Unveiling the toxicity secrets of eugenol-like compounds: from interaction mechanisms to treatment strategies

Eugenol, isoeugenol, and methyleugenol are among the most widely used natural phenolic compounds in food, pharmaceuticals, and cosmetics. This study aims to comprehensively evaluate the toxicity and underlying mechanisms of eugenol-like compounds through integrating network toxicology, computational modeling, in vitro experiments, and disease bioinformatics. First, we established their association with liver diseases using toxicity prediction databases and published literature.

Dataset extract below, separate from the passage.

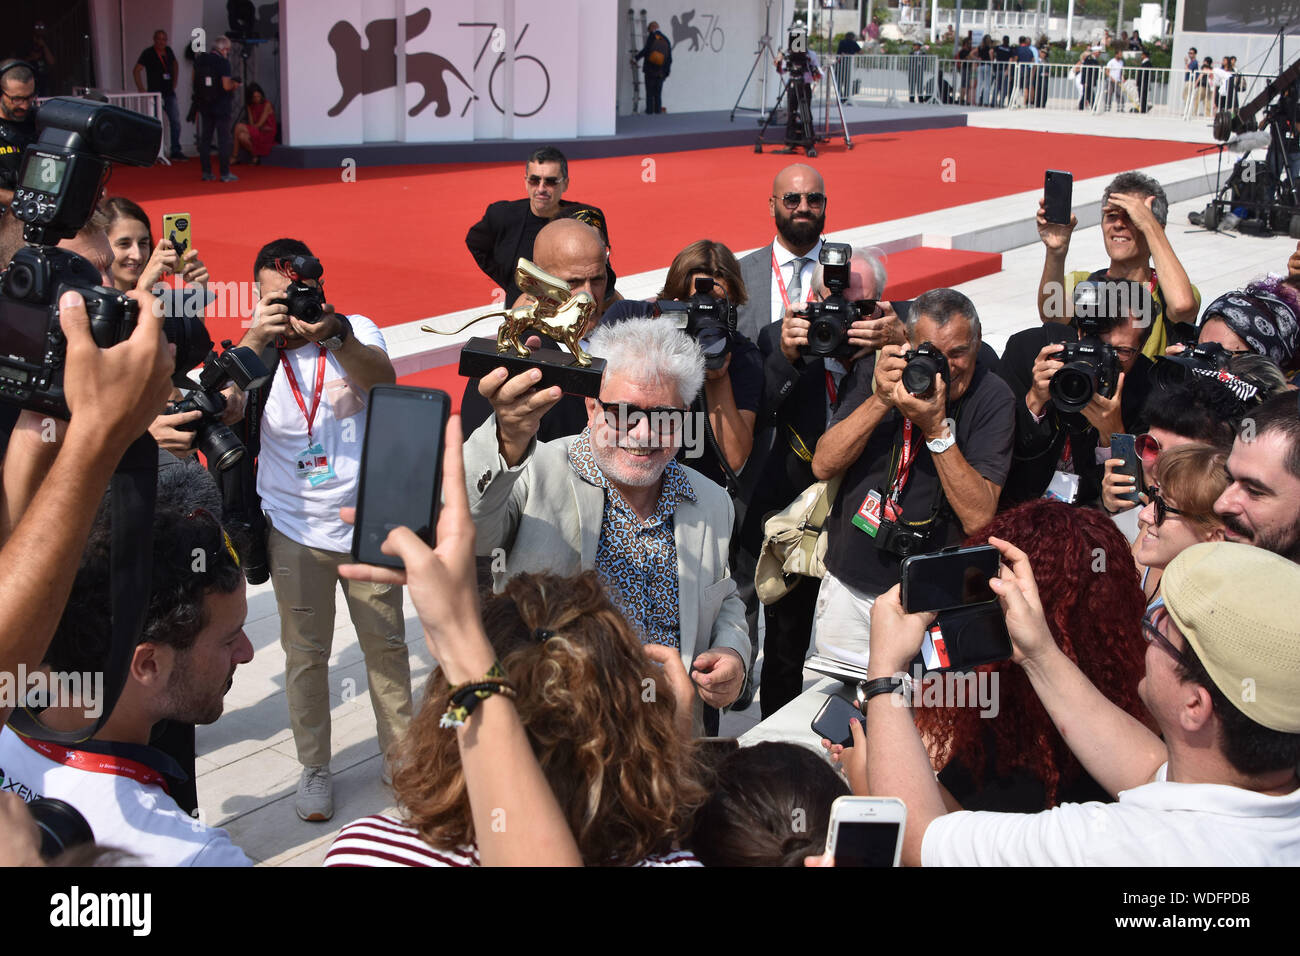 VENICE, Italy. 29th Aug, 2019. Pedro Almodovar shows the Golden Lion at Palazzo del Cinema after receiving it for lifetime achievements during the 76th Venice Film Festival on August 29, 2019 in Venice, Italy. Credit: Andrea Merola/Awakening/Alamy Live News Stock Photo

Next, we anchored their core targets for inducing liver injury and liver Cancer, particularly the top five targets-EGFR, Src, HSP90AA1, TNF, and ESR1-through various compound, disease, and protein-protein interaction databases, alongside Cytoscape software. Molecular docking and dynamics simulation, combined with surface plasmon resonance experiments, confirmed stable binding of these compounds to core proteins. Functional enrichment analyses revealed significant enrichment of these targets in cancer-related pathways, signal transduction, viral infectious diseases, endocrine and metabolic diseases, and immune systems. Notably, chemical carcinogenesis-receptor activation and the IL-17 signaling pathway emerged as key Cancer and immune-related pathways influencing liver diseases. Using multi-omics databases and R software, we validated the prognostic significance of these core targets in liver Cancer patients. Based on three independent prognostic markers (CHEK1, CYP2C9, and HSP90AA1), we developed a novel risk-scoring system with robust predictive efficacy and demonstrated their correlation with tumor microenvironment infiltration, particularly Th2 and Th17 cell infiltration. These novel mechanistic insights and improved approaches enable more accurate safety assessments for eugenol-like compounds-based consumer products while informing innovative therapeutic strategies that combine multi-target and multi-pathway intervention with immunomodulation for liver disease management.

Computational modeling; Eugenol-like compounds; Liver cancer; Liver injury; Network toxicology; Surface plasmon resonance experiment.